Victoria Van Bret is a tyrannical heiress and a cruel matriarch. She views her servants as mere furnishings in the house. She even goes as far as locking up her brother’s fiancée Anne in the hidden vault behind the living room wall.
It’s not easy bringing to life a bizarre family from 100 years ago, but the actors at the Scarborough Theatre Guild pulled off an amazing production of Elizabeth McFadden’s Double Door, which ran March 3-19 at the Scarborough Village Theatre.
Their persuasive acting offered a glimpse of the troubled lives of a notoriously rich family from the early 20th century.
The fictional Van Bret family is based on the Wendel family, one of the richest families in New York City at the time.
The Wendel’s were as eccentric as they were rich. Isolated from society, they lived hidden in their stone townhouse in the city’s centre. The tyrannical older brother ruled over the six sisters and strongly disapproved of marriage.
Though one sister did marry at the age of 61, none of them had any children. When the last sister died in 1931, the family fortune was given to charity.
Set in New York City in 1910, Double Door conveys the gossip that filled the era’s tabloids about the strange Wendels.
Ruth Smith transformed herself completely as Victoria in the play. Her speech, through raising her voice and emphasizing certain words, and her mannerisms evoked the early 20th century.
“I think for all of us the language was quite challenging,” Smith said. “It’s the kind of semi-formal sort of language. It’s hard to get your mouth around sometimes. But to try to make that language come to life, that was really challenging.”
Victoria is vicious, manipulative and driven by money. In the end, she takes out the pearls she’s been hiding from Anne, their rightful owner, and breaks into a loud, wailing cry of defeat while fondling them.

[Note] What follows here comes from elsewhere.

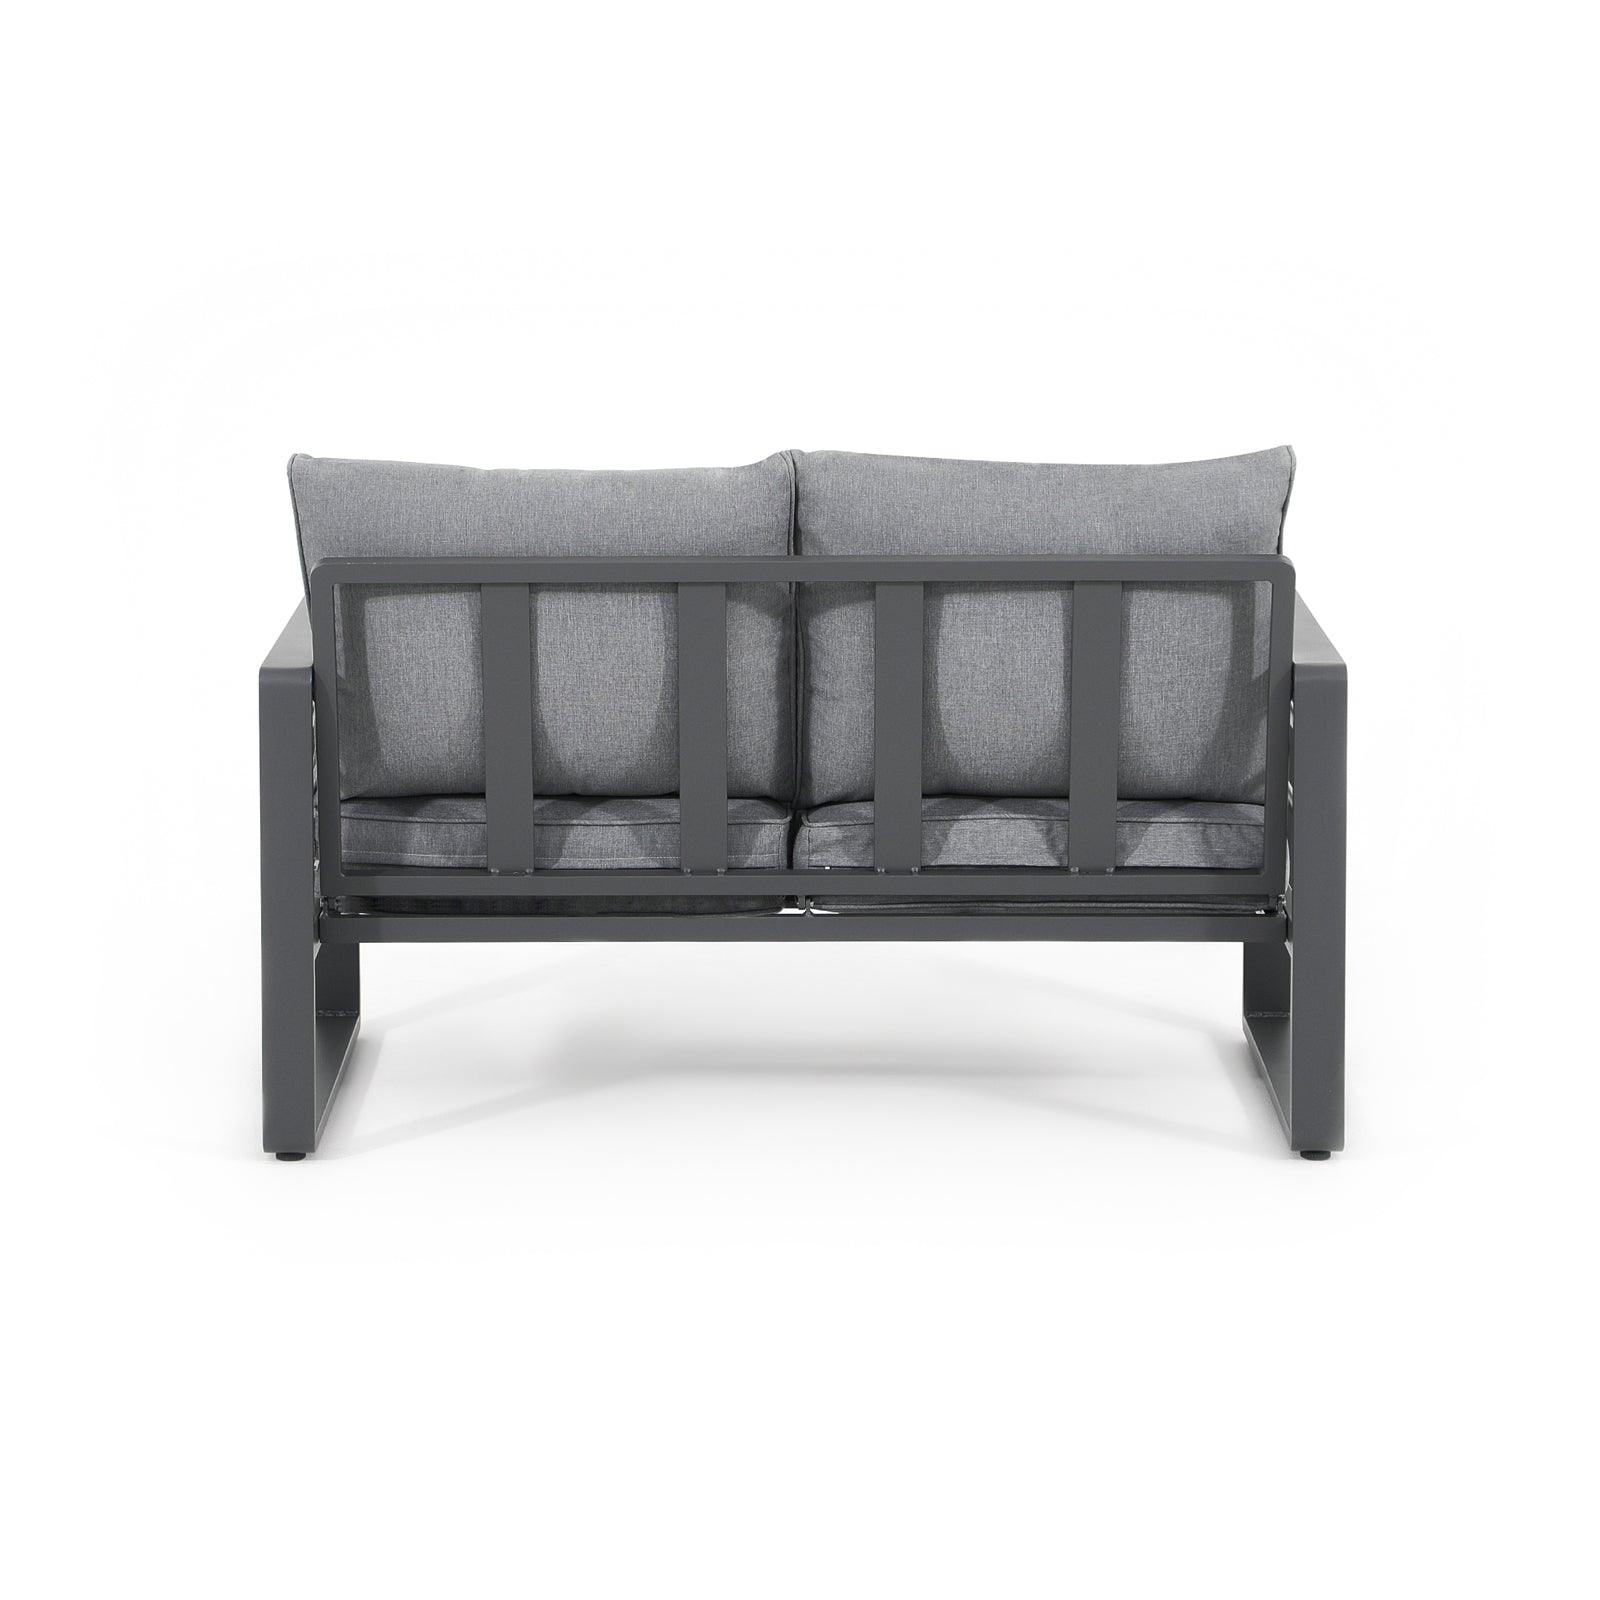 Salina grey outdoor loveseat with aluminum frame, grey cushions, back - Jardina Furniture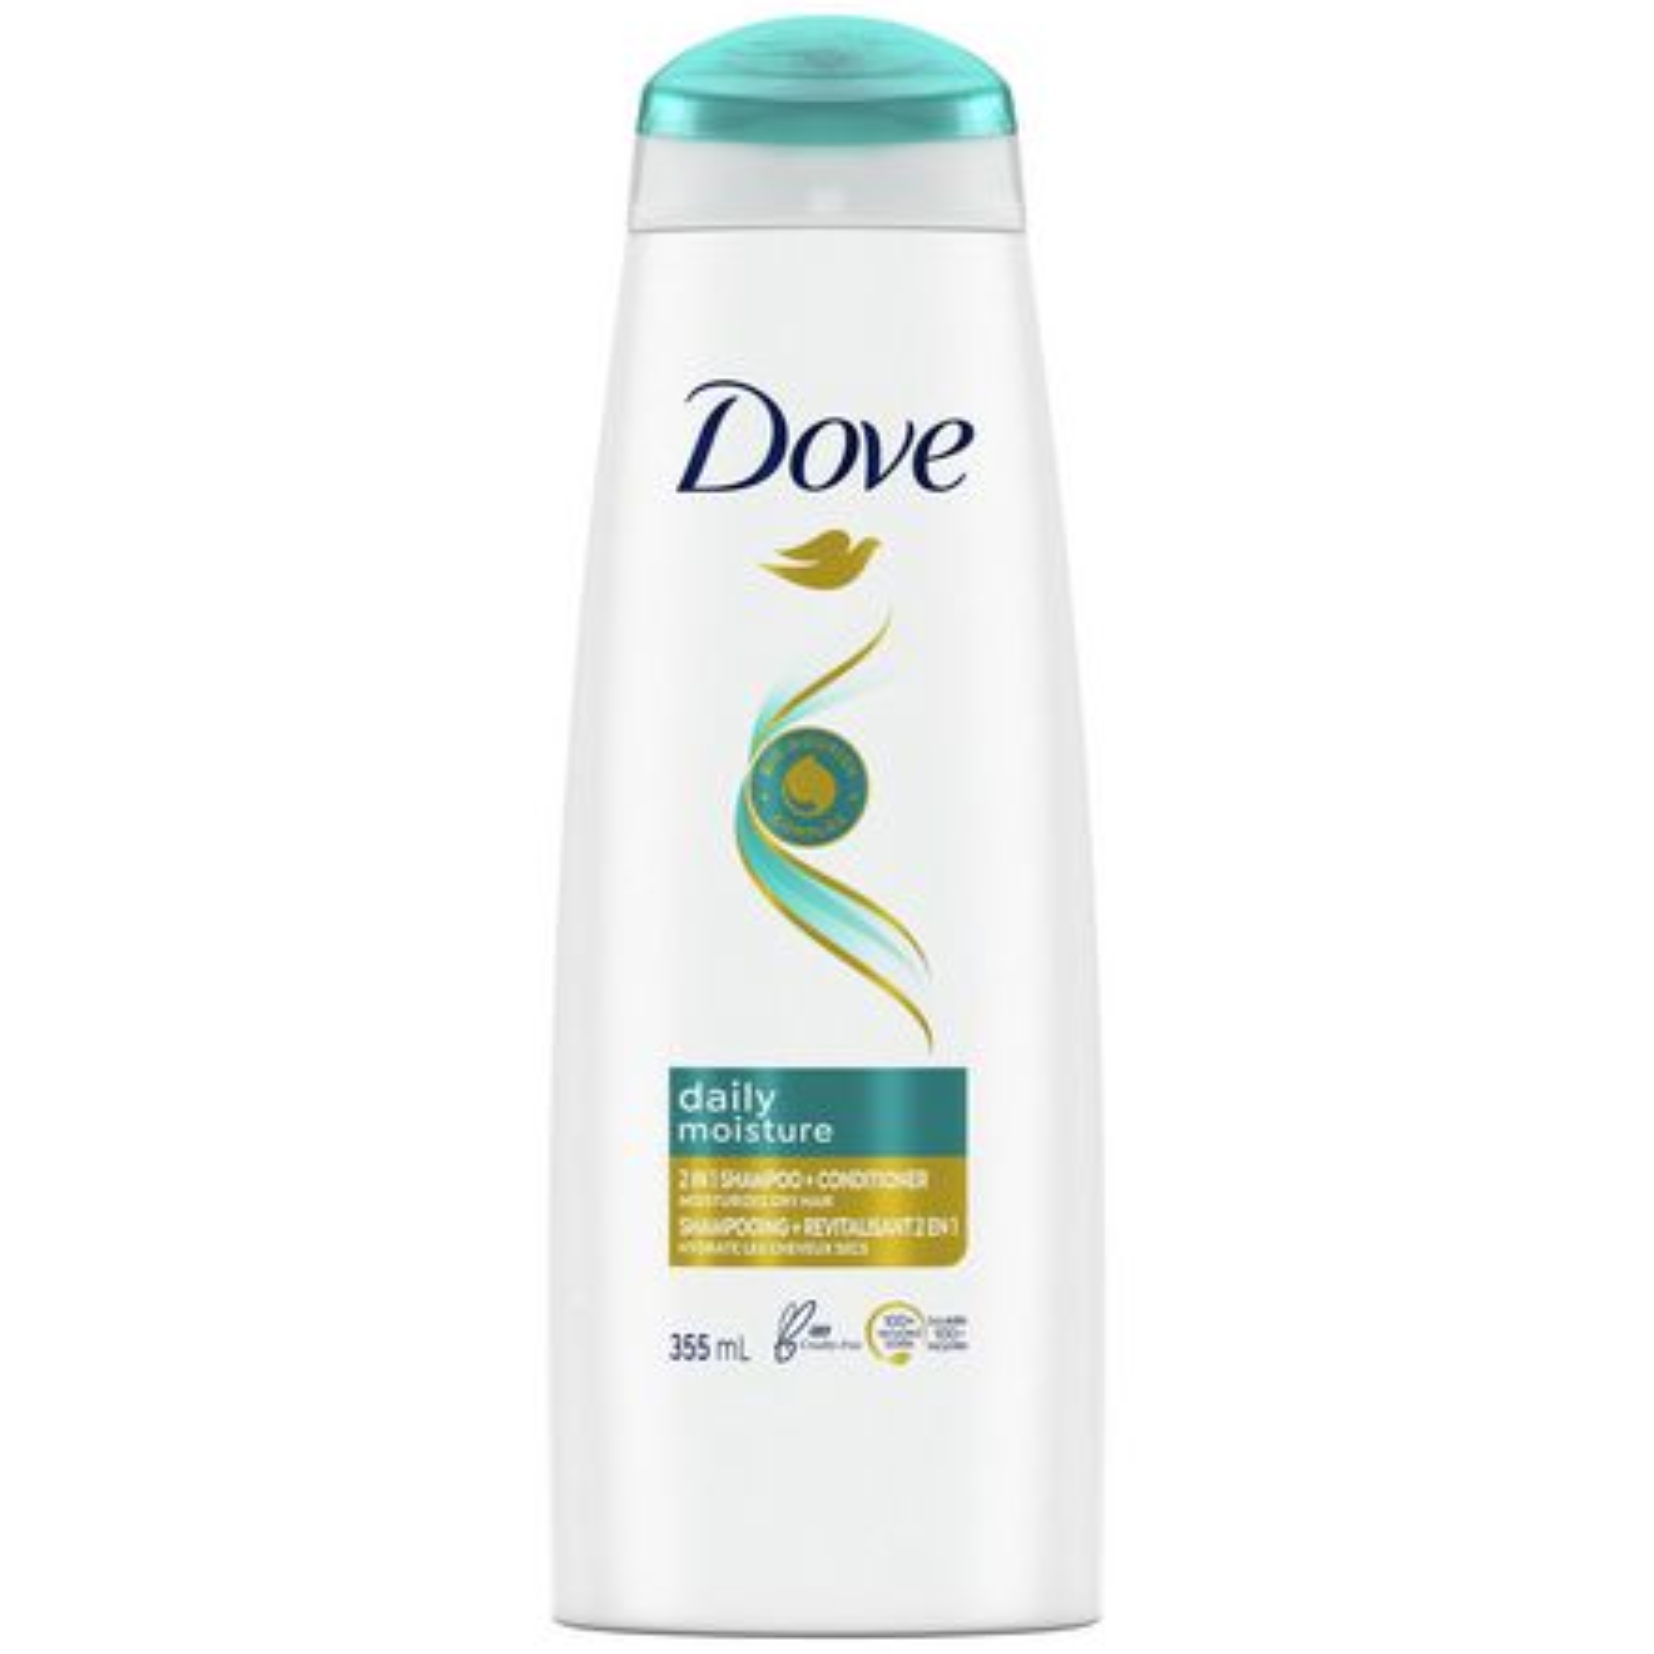 Dove 2 in 1 Daily Moisture Shampoo & Conditioner 355ml

“I had a difficult role,” Smith said. “I’ve never done a role like this, so it was a real stretch for me.
“These people [the Van Bret family] have enormous needs and wants: they’re bigger and more important than common everyday [needs].”
Smith, who has over 46 years of experience in theatre, said to play the role, she had to understand how strong those wants were and to what lengths her character would go to get what she wanted.
“That was hard because I have never personally struggled like that in my life,” Smith laughed. “I’ve had an extremely easy life.”
But if there’s one character that carried life into the story, it’s the younger sister, Caroline, played by Ida Jagaric. Through Jagaric’s smile, audiences got to know the blithe, cheerful Caroline who seeps positivity.
Despite being in her 40s, Caroline often shows her peculiar childish frightfulness. In one scene, she suddenly starts panicking and hyperventilating, thinking Victoria will lock her up in the secret, dark vault as punishment. Charismatic comedic reliefs were well-played by Jagaric.
Every detail brought the high-class family to life, including the living room set. Crystal doorknobs, oval portraits with golden decorated rims, and the rope hanging from the ceiling that Victoria pulls to call the servants all illustrated their exquisite way of life.
The costumes were attractive: white lace and high-waisted skirts for the ladies, suits and golden pocket watches for the men.
Double Door was captivating from beginning to end.
Those who didn’t get a chance to see Double Door can look forward to Scarborough Theatre Guild’s next production, Shakespeare’s Much Ado about Nothing, which starts March 31.